Instructions to follow. The lines in the listing below are to be given again exactly, starting at the line holding "affordable-hotels-italy-06-casa-san-ruffino-0814.jpg" and ending at the line holding "Стол с зеркалом, стол". Do not include pictures.

Data excerpts.
|---|

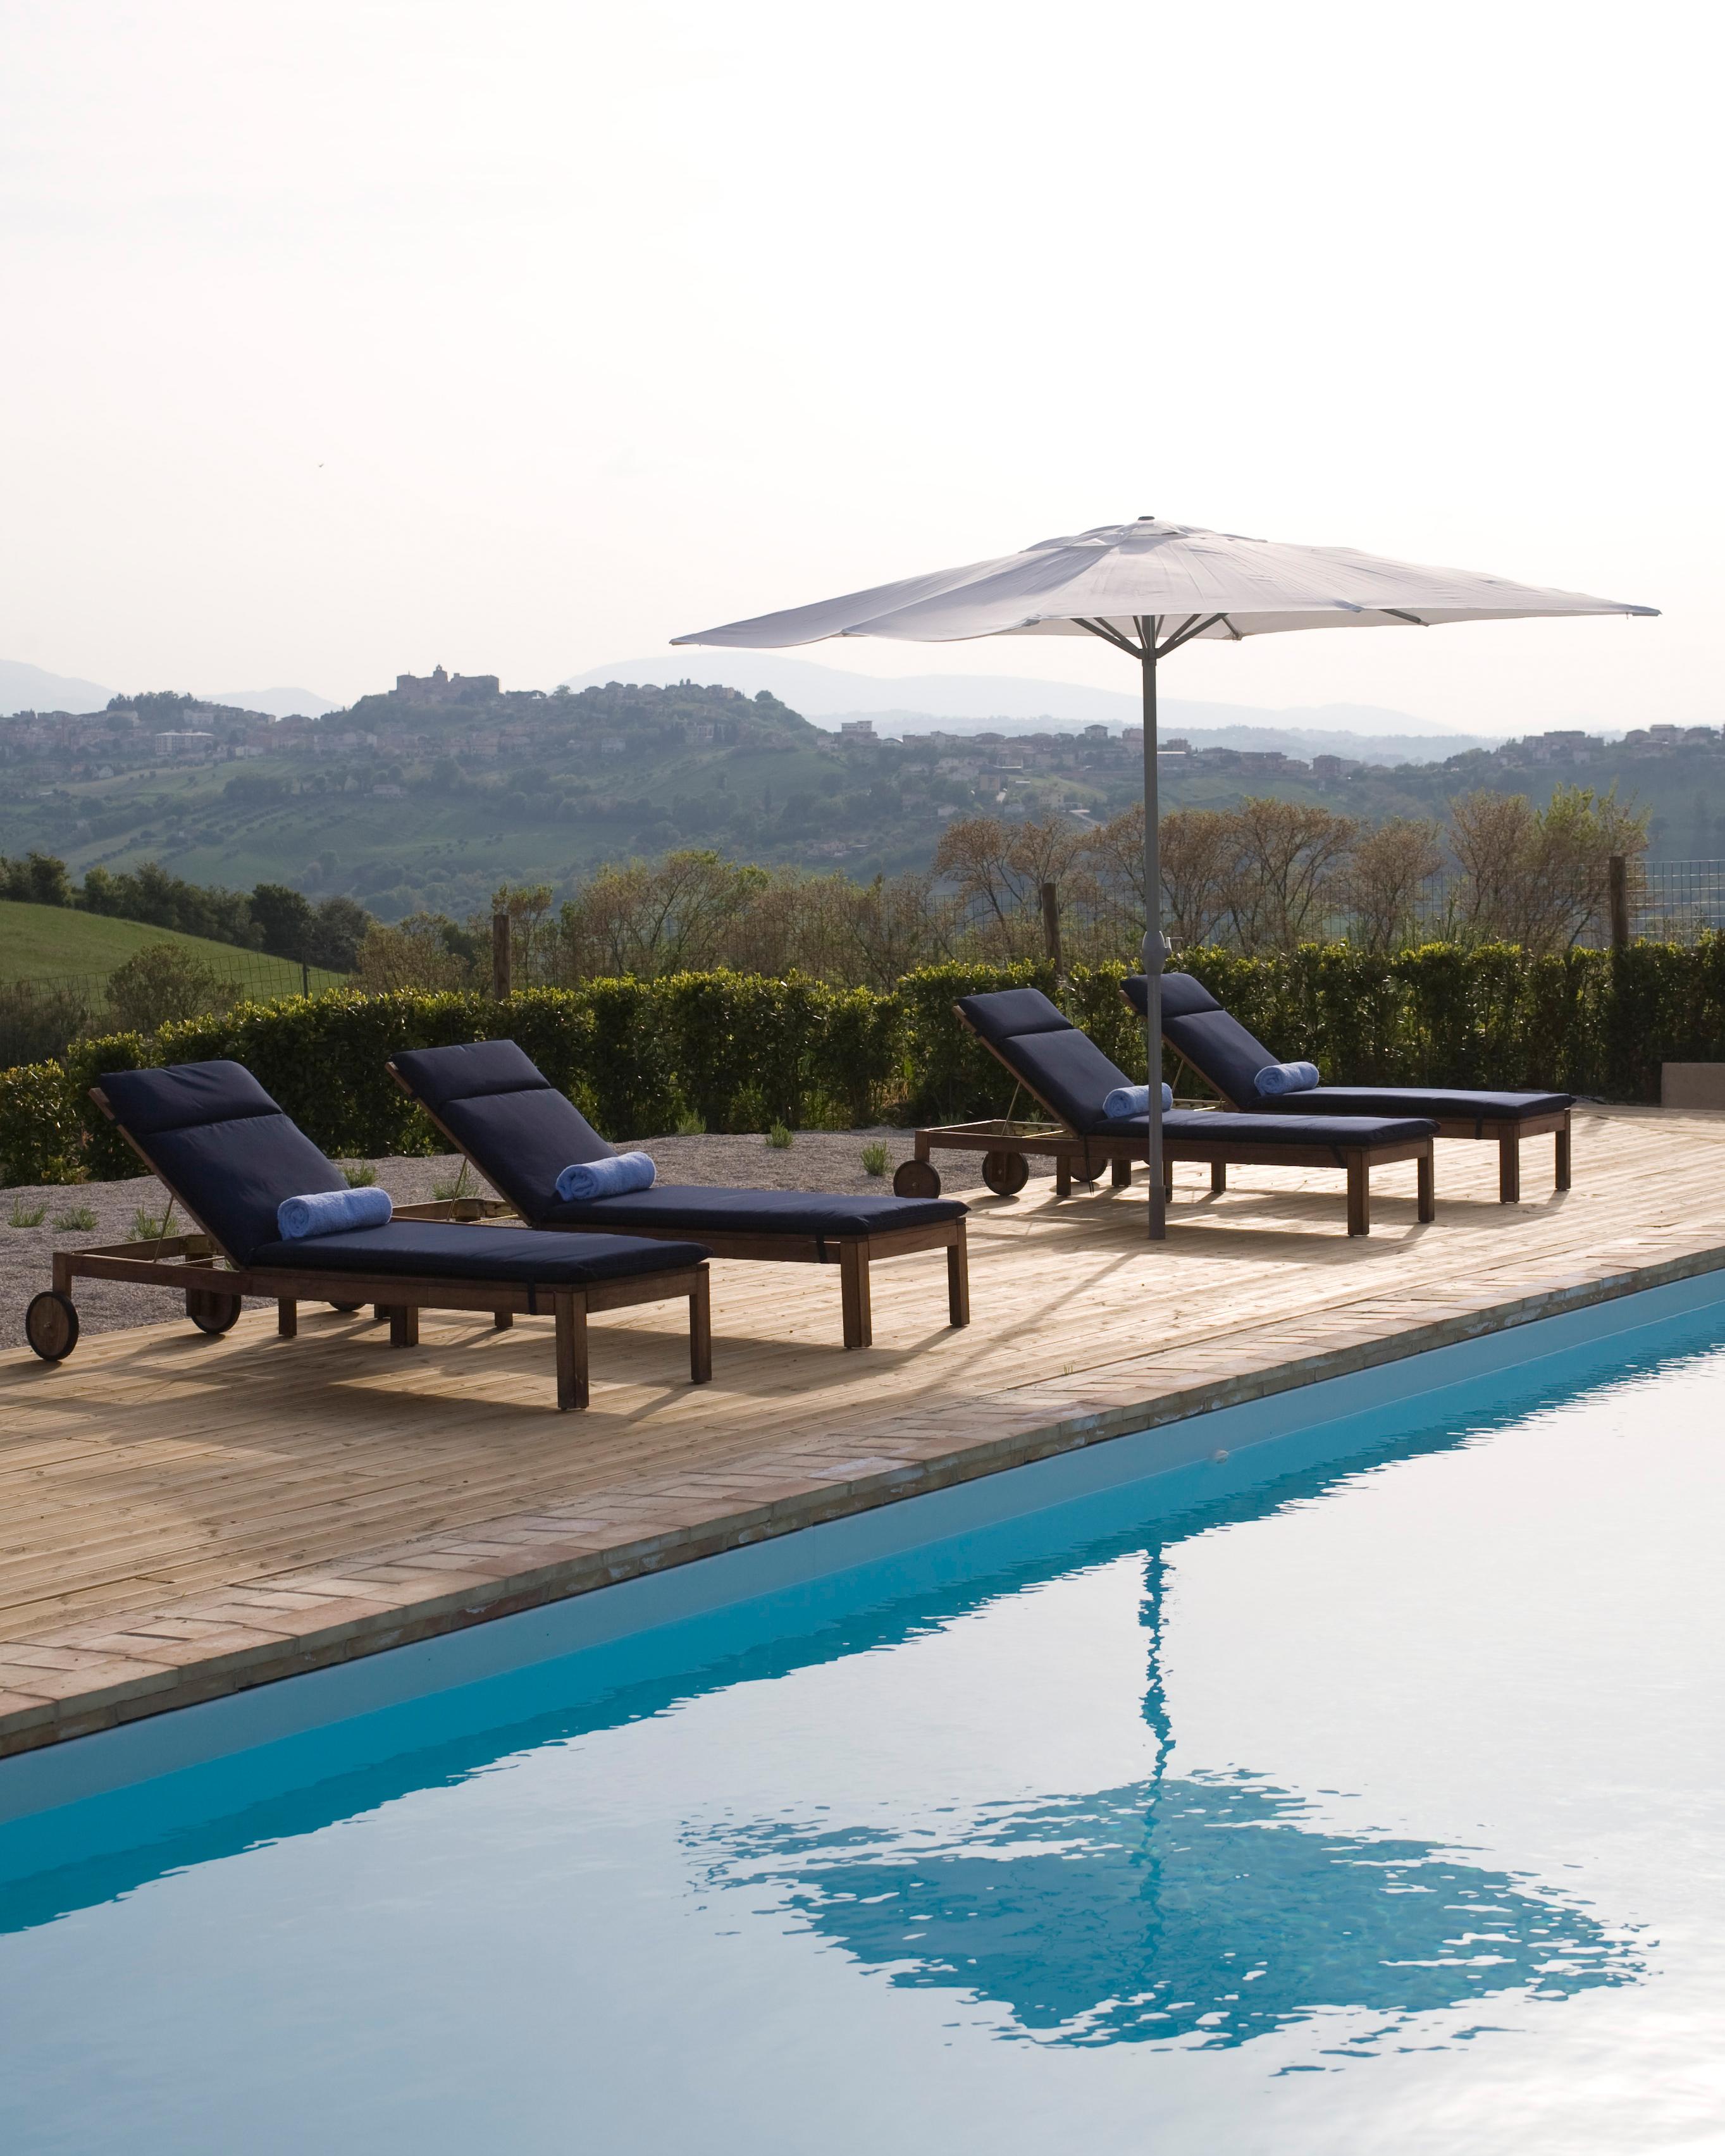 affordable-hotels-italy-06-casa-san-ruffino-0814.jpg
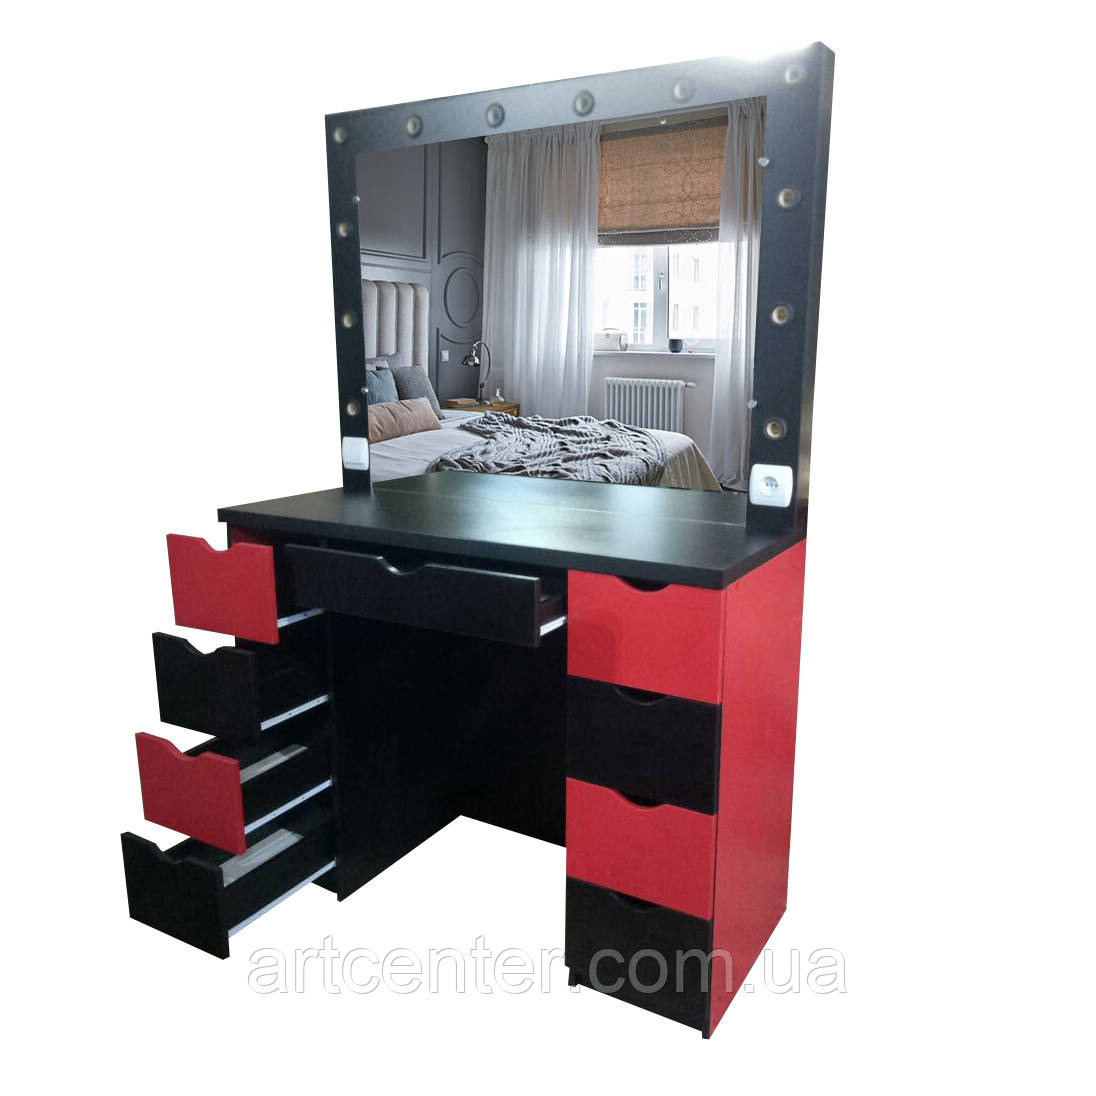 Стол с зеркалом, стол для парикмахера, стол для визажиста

|---|

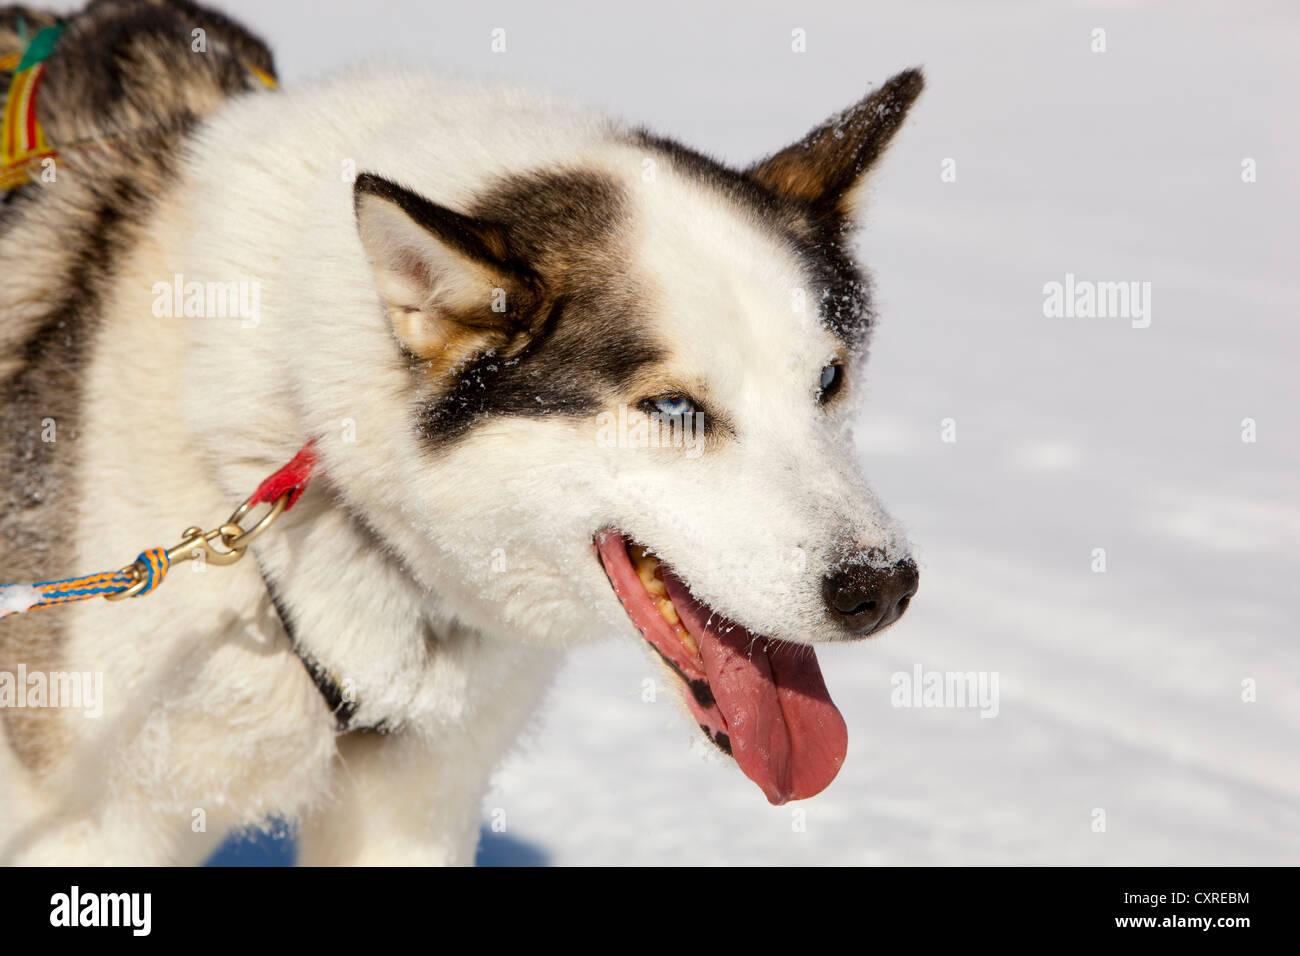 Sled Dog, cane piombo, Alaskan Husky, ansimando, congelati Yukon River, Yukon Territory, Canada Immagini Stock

|---|

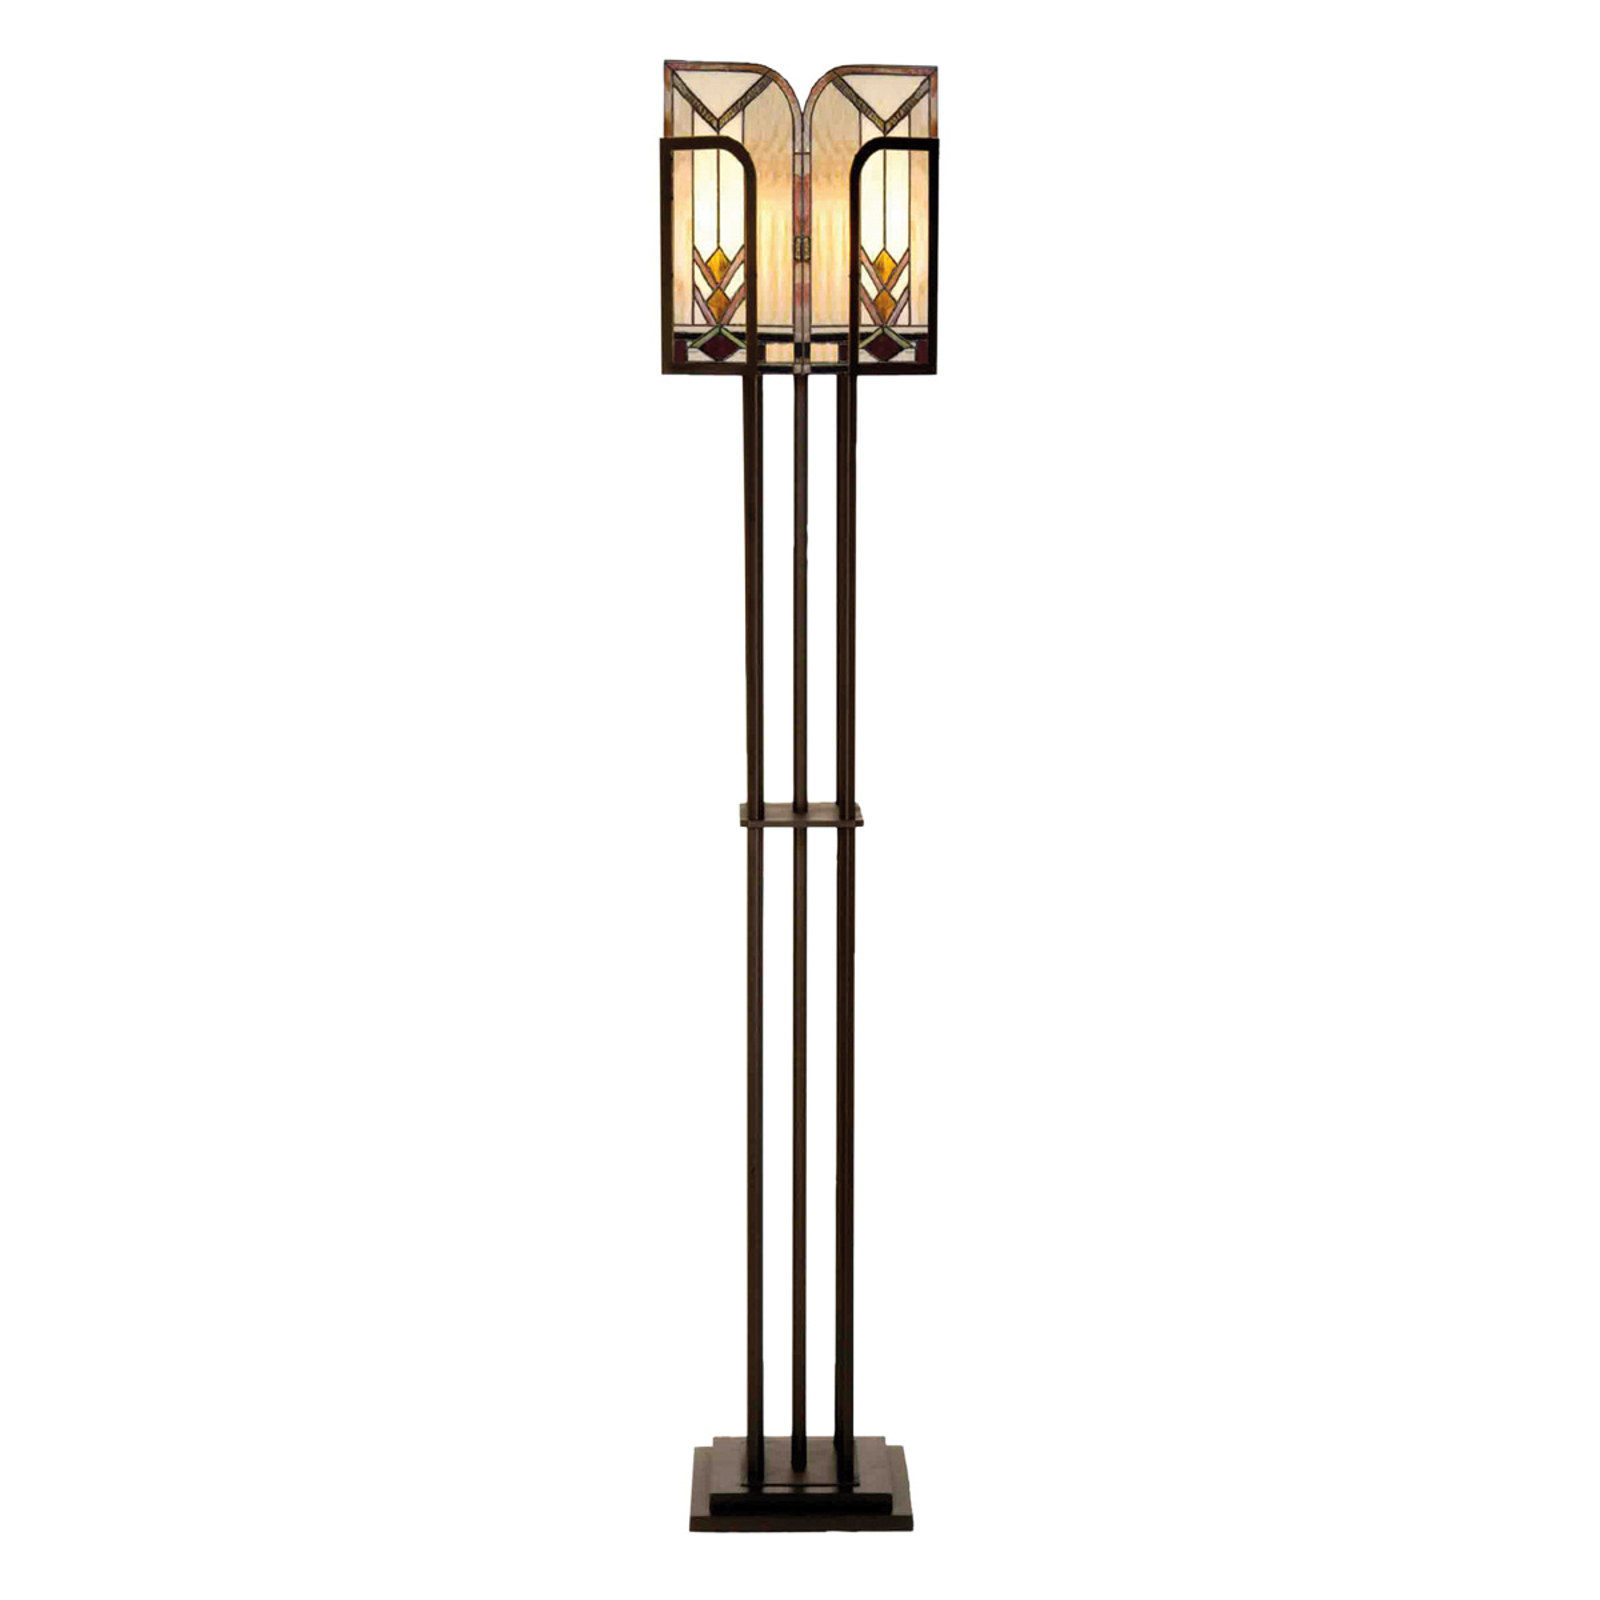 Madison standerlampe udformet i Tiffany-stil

|---|

Result for this task.
 affordable-hotels-italy-06-casa-san-ruffino-0814.jpg
 Стол с зеркалом, стол для парикмахера, стол для визажиста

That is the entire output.